Best parameters: {'max_depth': None, 'min_samples_split': 2}
CV Best Score (mean accuracy): 0.9417
Test Accuracy: 0.9333


10. Imagine you’re working as a data scientist for a healthcare company that
wants to predict whether a patient has a certain disease.

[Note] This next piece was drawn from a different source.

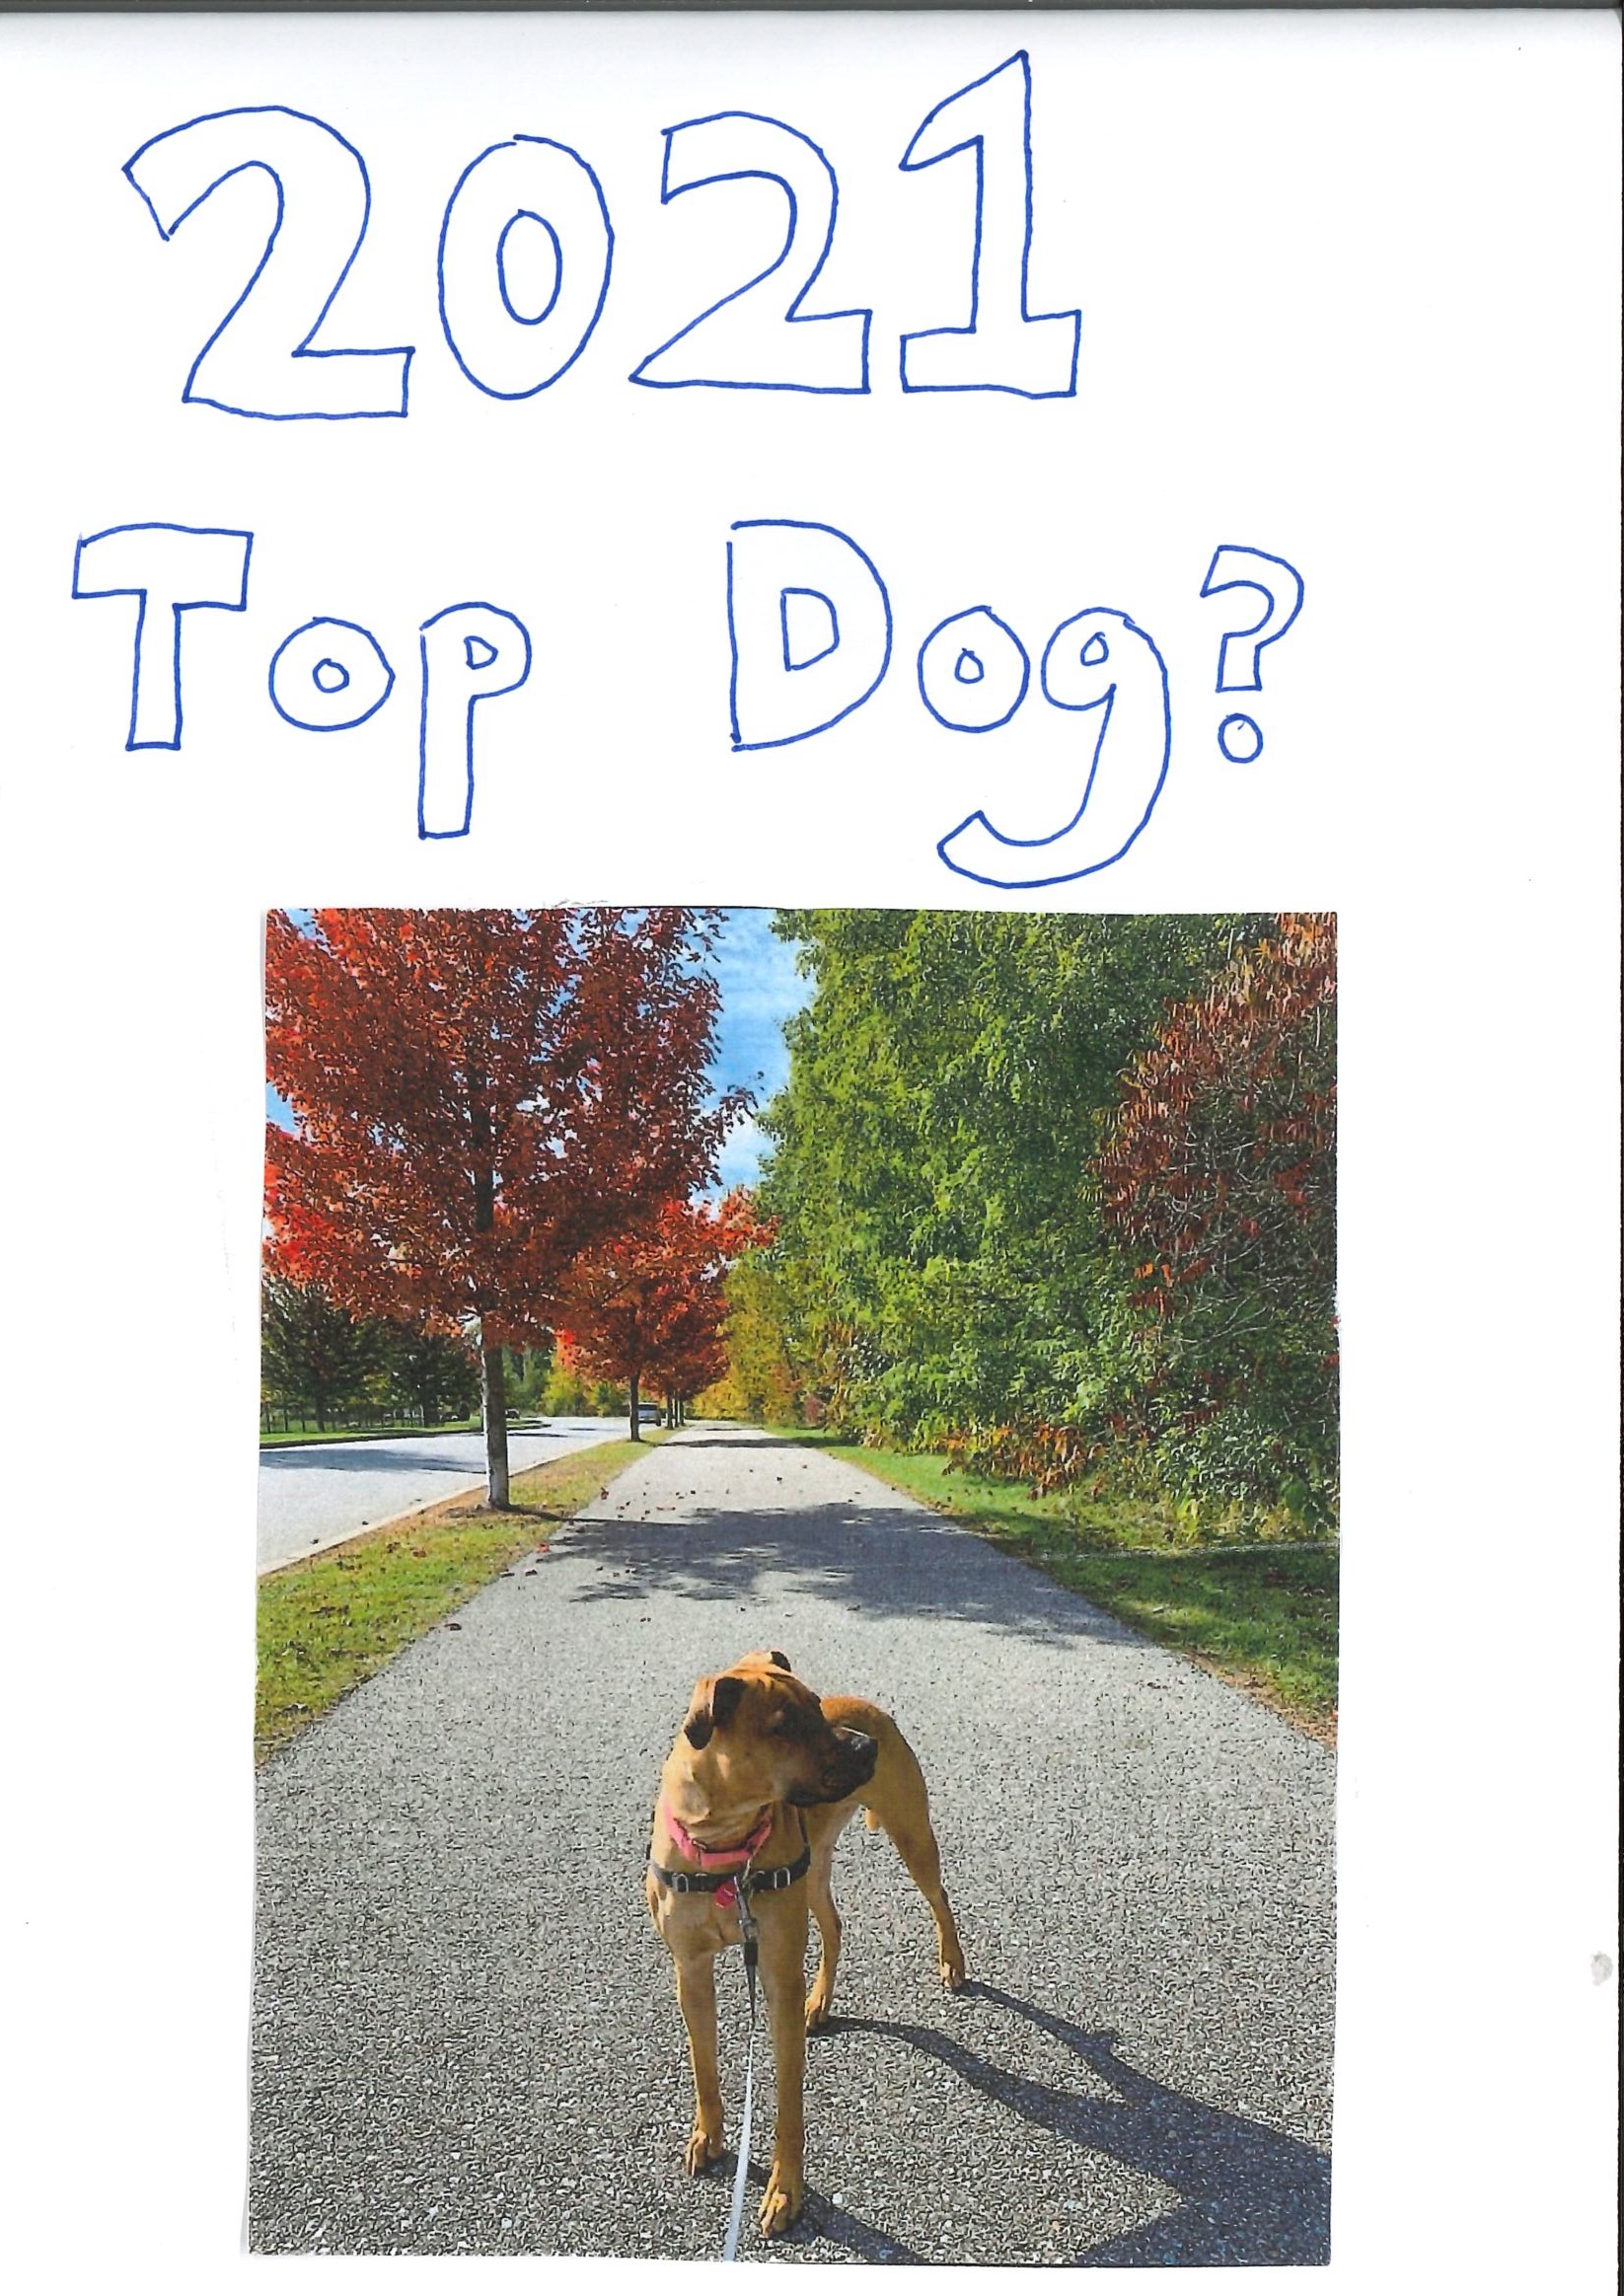 top dog candidate_Page_1

You have a large dataset with
mixed data types and some missing values.
Explain the step-by-step process you would follow to:
● Handle the missing values
● Encode the categorical features
● Train a Decision Tree model
● Tune its hyperparameters
● Evaluate its performance
And describe what business value this model could provide in the real-world
setting.

-  Handle missing values: audit missingness; impute numerics with median and add “was_missing” flags; impute categoricals with most frequent or a “Missing” category; keep imputation inside a train-only pipeline to avoid leakage.
- Encode categoricals: one-hot low-cardinality features (handle_unknown=ignore); for high-cardinality features consider target/ordinal encoding with leakage-safe (CV) schemes.
-  Train model: build a Pipeline with ColumnTransformer (numeric imputer + categorical encoder) feeding DecisionTreeClassifier (use class_weight="balanced" if imbalanced); use stratified train/validation/test split.
-  Tune hyperparameters: cross-validate over max_depth, min_samples_split, min_samples_leaf, max_features, and min_impurity_decrease using randomized/grid search optimized for business-relevant metric (e.g., recall/F2).
-  Evaluate: report confusion matrix, precision/recall/F1, ROC-AUC and PR-AUC; calibrate probabilities if thresholding risk; check subgroup fairness and stability. Business value: earlier risk flagging for targeted diagnostics, better resource prioritization, interpretable decision support for clinicians, and population-level monitoring that can reduce costs and improve outcomes.